In Kategorie 15 wird ferner klargestellt, dass Finanzinstitute die anteiligen Scope-1- und Scope-2- sowie zusätzlich die Scope-3-Emissionen anteilig, sofern die letztgenannte Kategorie wesentlich für den gesamten Lebenszyklus ist, in ihrer Emissionsbilanz ausweisen müssen. Am Beispiel eines Kredits über 10 Millionen Euro (der 10 Prozent der Bilanzsumme - als vereinfachte Betrachtung des Unternehmenswerts - des Kunden entspricht) für einen Haushaltsgerätehersteller soll dies verdeutlicht werden:

Unter Scope 1 werden die direkten Emissionen des Haushaltsgeräteherstellers erfasst sowie unter Scope 2 die indirekten Emissionen, die bei der Energieerzeugung entstehen.
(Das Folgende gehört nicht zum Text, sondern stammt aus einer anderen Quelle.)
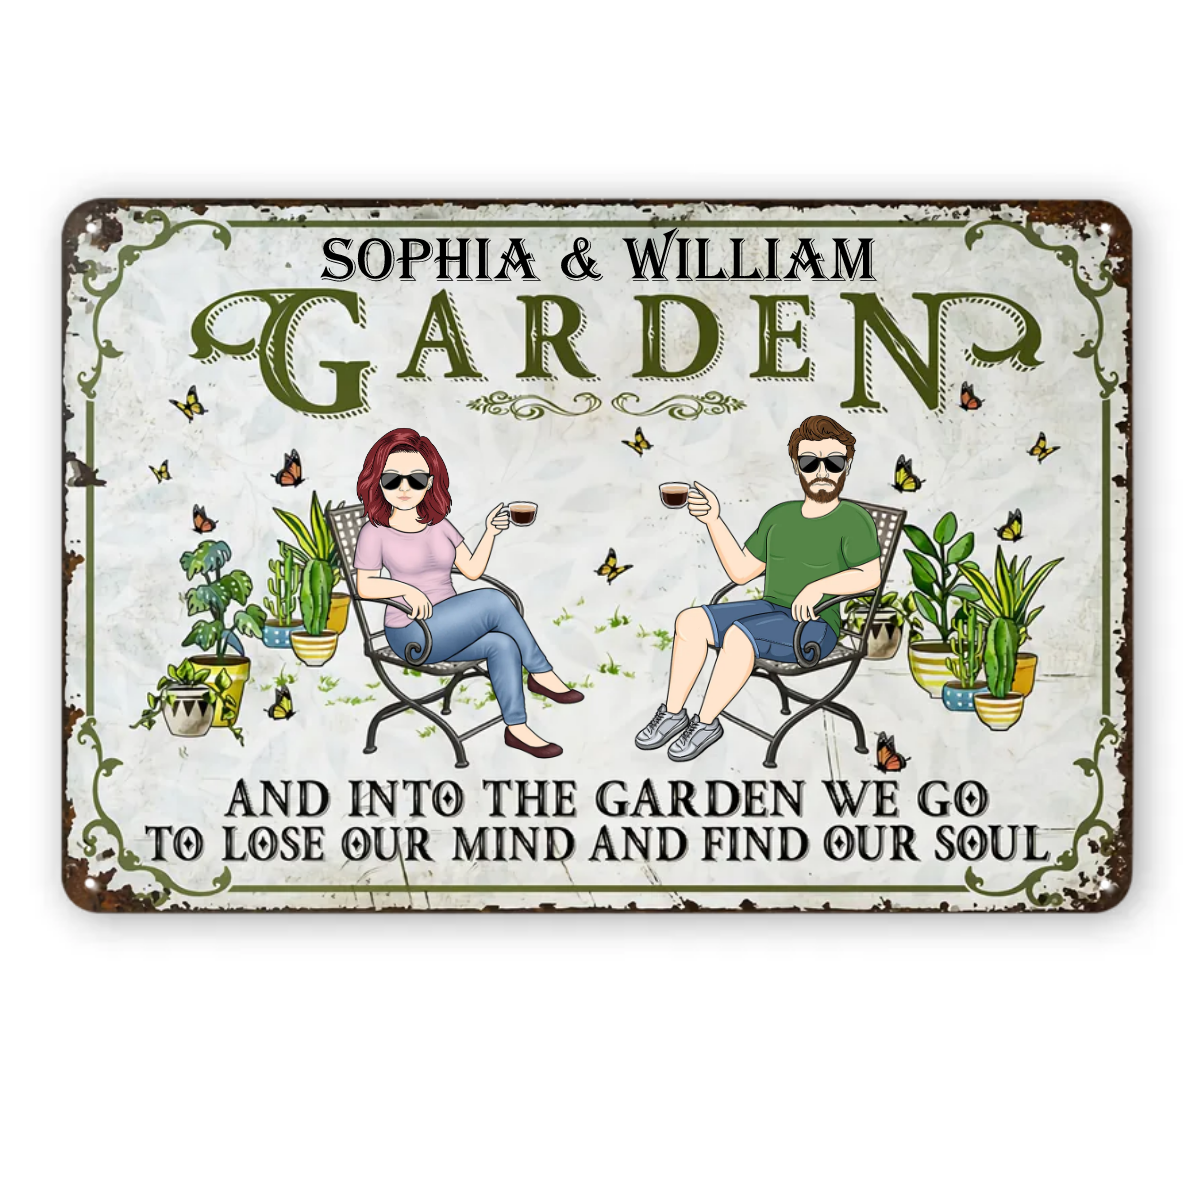 And Into The Garden We Go Gardening Family - カップル向けガーデンサイン - パーソナライズされたカスタムクラシックメタルサイン

Da im vorliegenden Fall die Emissionen durch die Verbrauchernutzung wohl als erheblich einzustufen sind, sind diese Scope-3-Emissionen ebenfalls einzubeziehen. Alle Emissionen werden dabei anteilig zur Exposure-Höhe von 10 Prozent erfasst.

Abbildung 1: Geltungsbereich des GHG-Protokolls Quelle: C. Glaser, in Anlehnung an GHG (2013), S. 6.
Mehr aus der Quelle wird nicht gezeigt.